This is a very basic question to ask, but I'm not sure I actually understand some fundamental properties people seem to ascribe to correlation.

As far as I understand it, correlation usually refers to Pearson's correlation coefficient, which is, according to Wikipedia, "a correlation coefficient that measures linear correlation between two sets of data." Cool.

But then I see a discussion on whether variables X and Y are related in some way, and reads like:

  • well, X correlates to Y with r=0.8 so it's a good predictor/proxy/whatever
  • X and Y have been found to correlate with r = 0.05, so its not a good predictor/proxy/whatever

For the first one, I'm OK.  For the second one, not so much:

looking at Anscombe's Quartet:

undefined

It would seem that even though correlation (and therefore R²) are the same for all 4 datasets, the upper-rightmost one could be an Y completely dependent on X, probably a polynomial of some kind (in which case, Y could be perfectly explained by X), whereas in the down-rightmost one Y couldn't be explained as a function of X, of any kind. 

Now, I understand that correlation only measures how linearly two variables are related, but again, in the same example, it would seem that we would be better served by considering other, non-linear ways they could be related.

Since correlation is such an extended way of measuring the relationships of X and Y, across many levels of competence and certainly among people I know understand this much better than I do, my questions are: 

Why is, besides being the most nice/common/useful type of relation, linear relationship privileged in the way I described above? Why is it OK to say that X is not a good predictor of Y because r=0.05, which I'm understanding as "It has a bad linear relation", without adressing other ways they could be related, such as a grade 27 polynimial? Is the fact that they are "badly" linearly related enough to explain that they won't be related any other way?

Again, this a very basic lagoon I've just recently found on myself, so an explanation on any level would be very appreciated

New Answer
New Comment

4 Answers sorted by

JBlack

159

Linearity is privileged mostly because it is the simplest type of relationship. This may seem arbitrary, but:

  • It generalizes well. For example, if y is a polynomial function of x then y can be viewed as a linear function of the powers of x;
  • Simple relationships have fewer free parameters and so should be favoured when selecting between models of comparable explanatory power;
  • Simple relationships and linearity in particular have very nice mathematical properties that allow much deeper analysis than one might expect from their simplicity;
  • A huge range of relationships are locally linear, in the sense of differentiability (which is a linear concept).
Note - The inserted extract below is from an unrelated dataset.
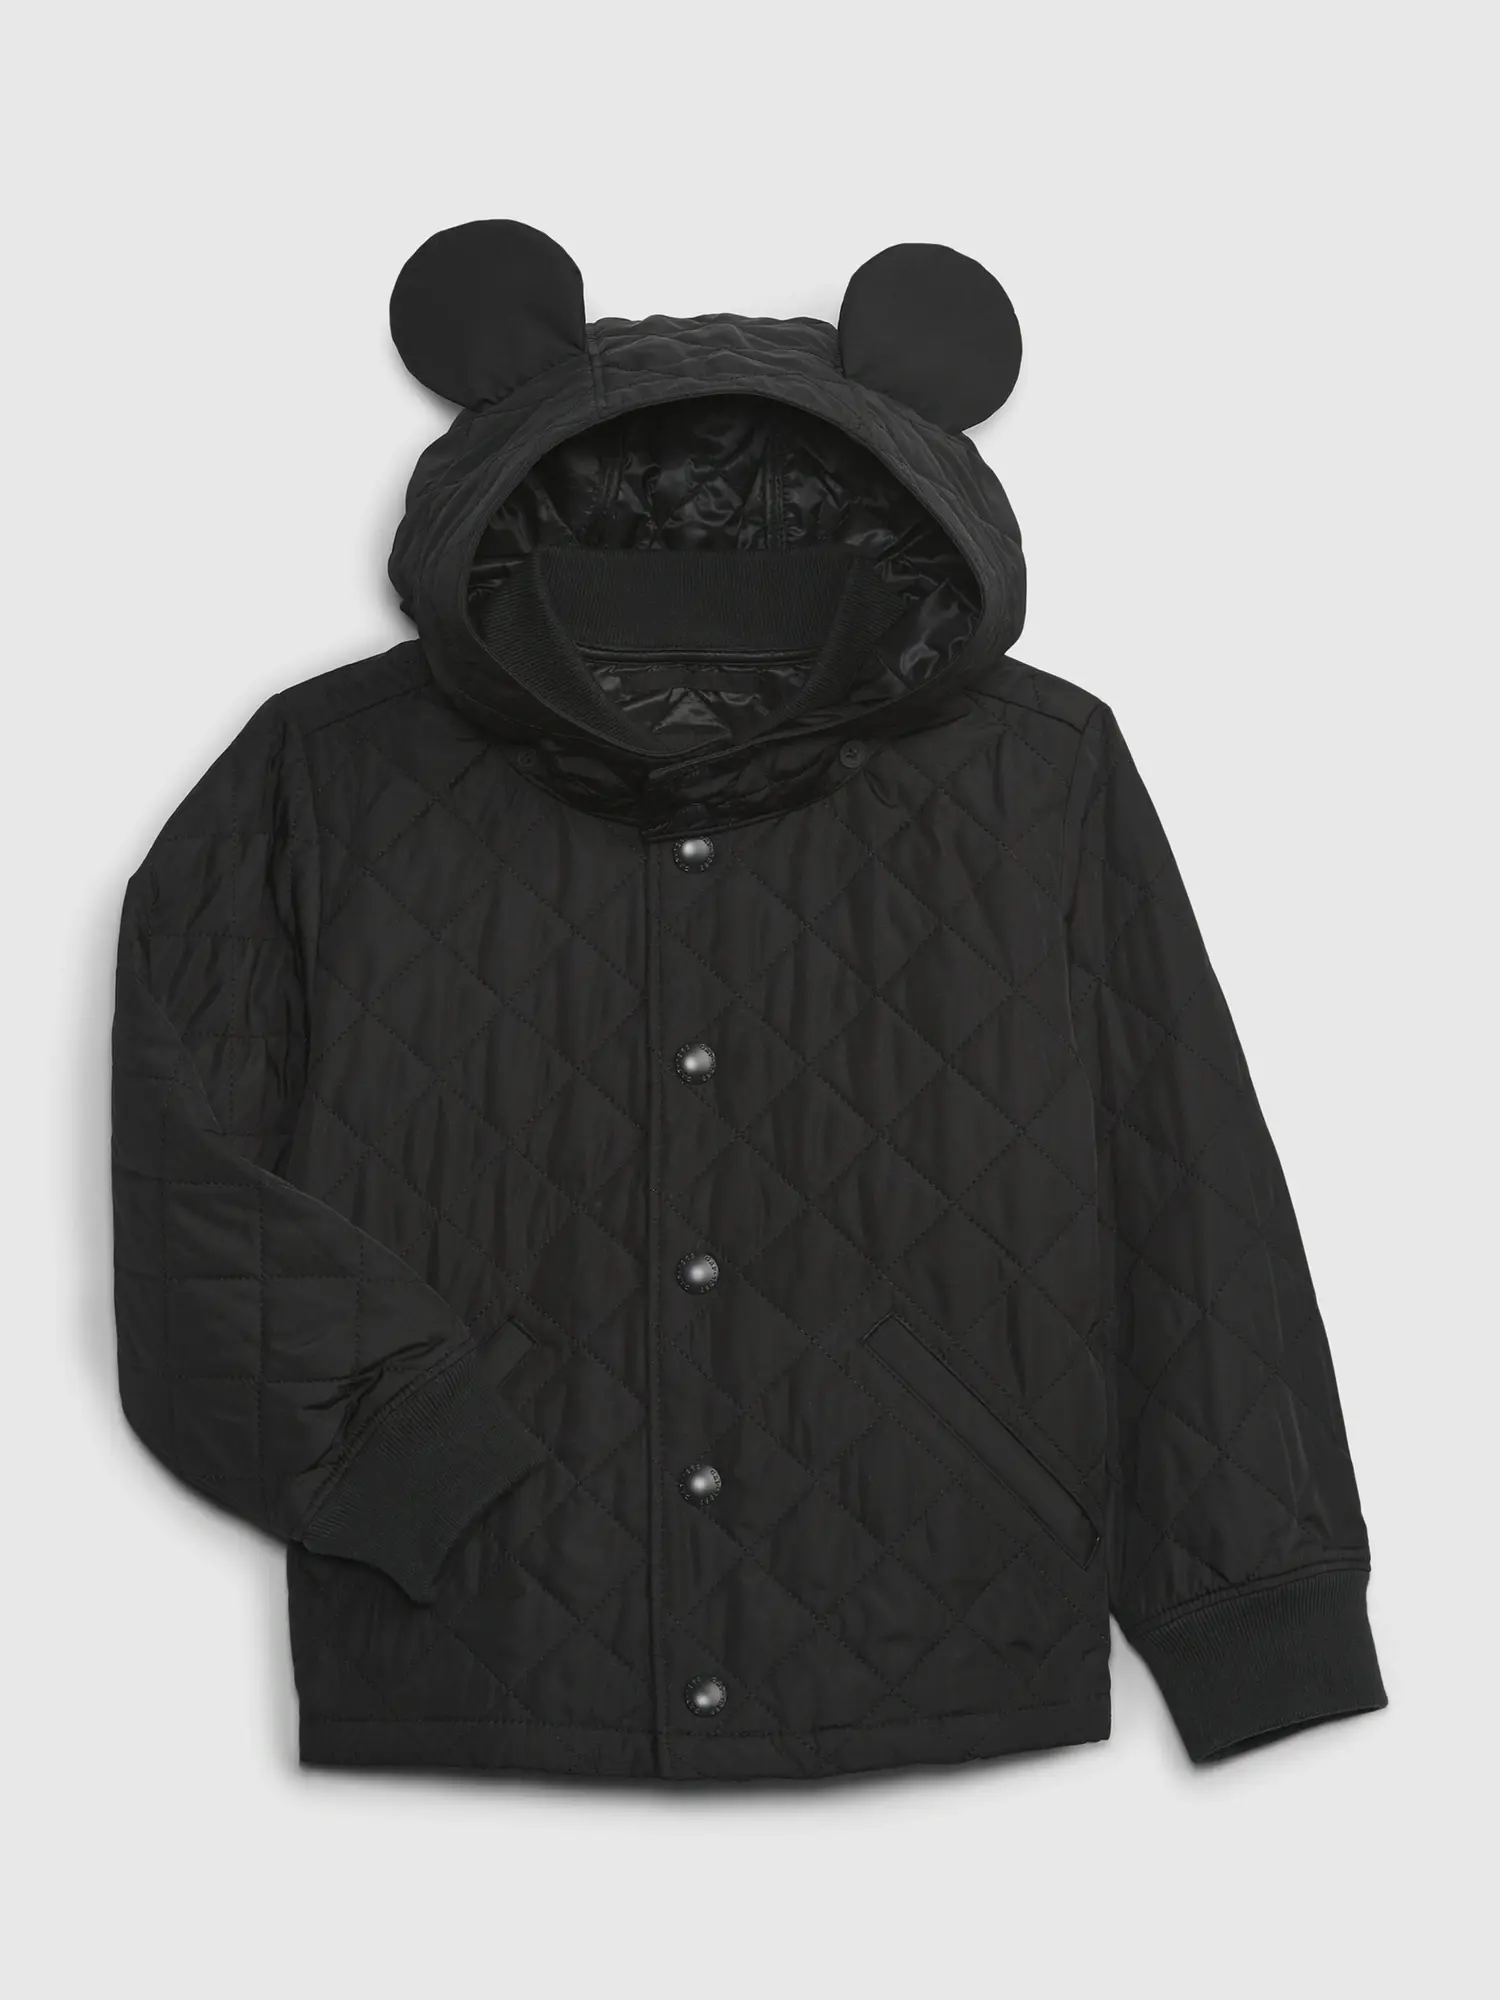 Gap babyGap &#124 Disney Recycled Quilted Bomber Jacket black. 1
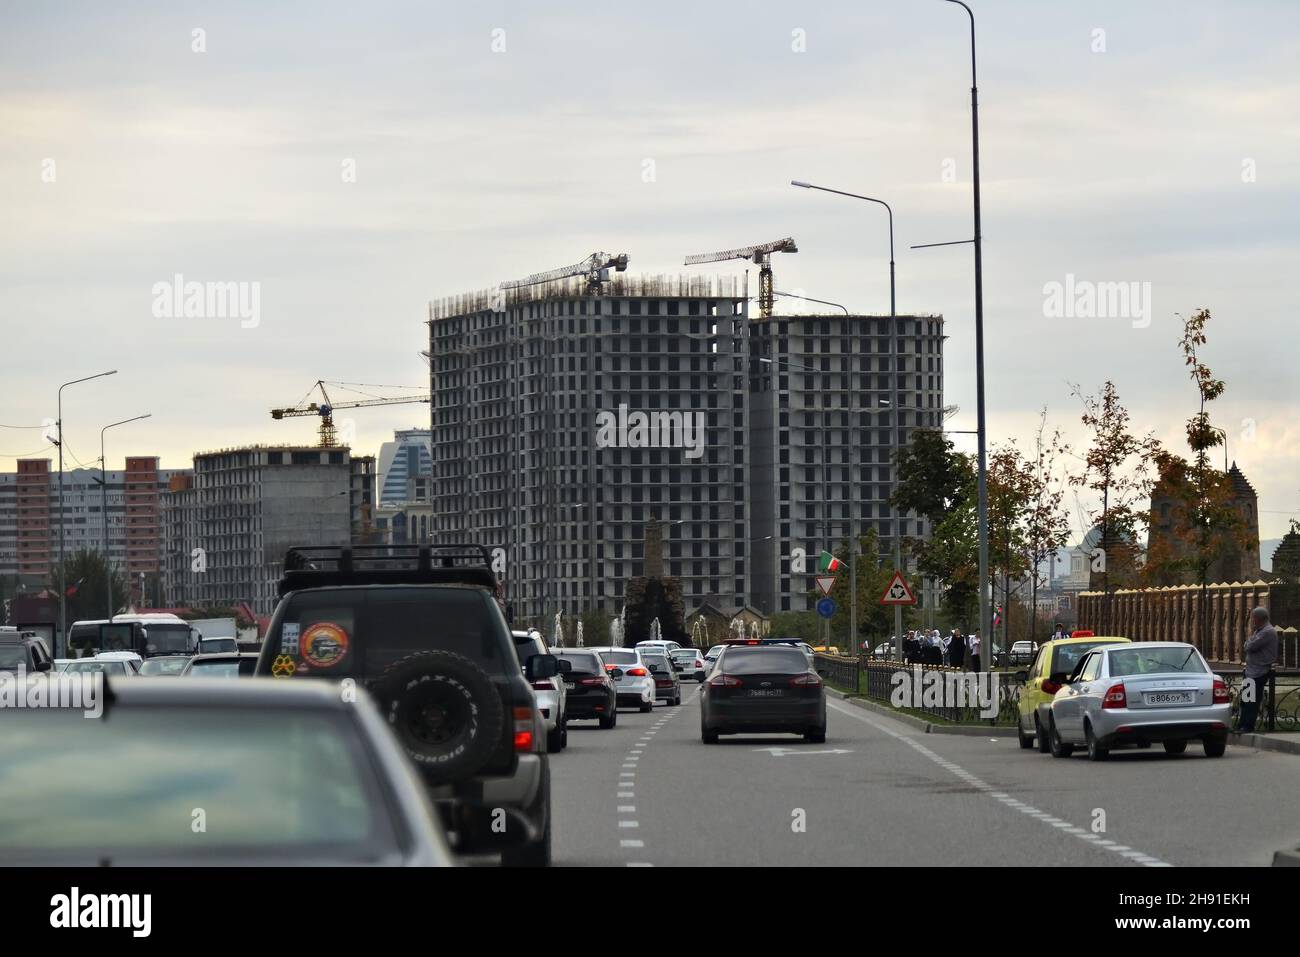 Grozny, Russia - Sept 13, 2021: Evening traffic jam and view on the new construction in capital city of the Chechen Republic in the Russian Federation Stock Photo

The first and last points in particular are used very widely in practice to great effect.

A researcher seeing the top-right chart is absolutely going to look for a suitable family of functions (such as polynomials where the relationship is a linear function of coefficients) and then use something like a least-squares method (which is based on linear error models) to find the best parameters and check how much variance (also based on linear foundations) remains unexplained by the proposed relationship.

This hit the spot for me, thanks.

dynomight

73

I think you're basically right: Correlation is just one way of measuring dependence between variables. Being correlated is a sufficient but not necessary condition for dependence. We talk about correlation so much because:

  1. We don't have a particularly convenient general scalar measure of how related two variables are. You might think about using something like mutual information, but for that you need the densities not datasets.
  2. We're still living in the shadows of the times when computers weren't so big. We got used to doing all sorts of stuff based on linearity decades ago because we didn't have any other options, and they became "conventional" even when we might have better options now.

Suppose we don't have any prior information about the dataset, only our observations. Is any metric more accurate than assuming our dataset is the exact distribution and calculating mutual information? Kind of like bootstrapping.

Metacelsus

30

Spearman (rank) correlation is often a good alternative for nonlinear relationships.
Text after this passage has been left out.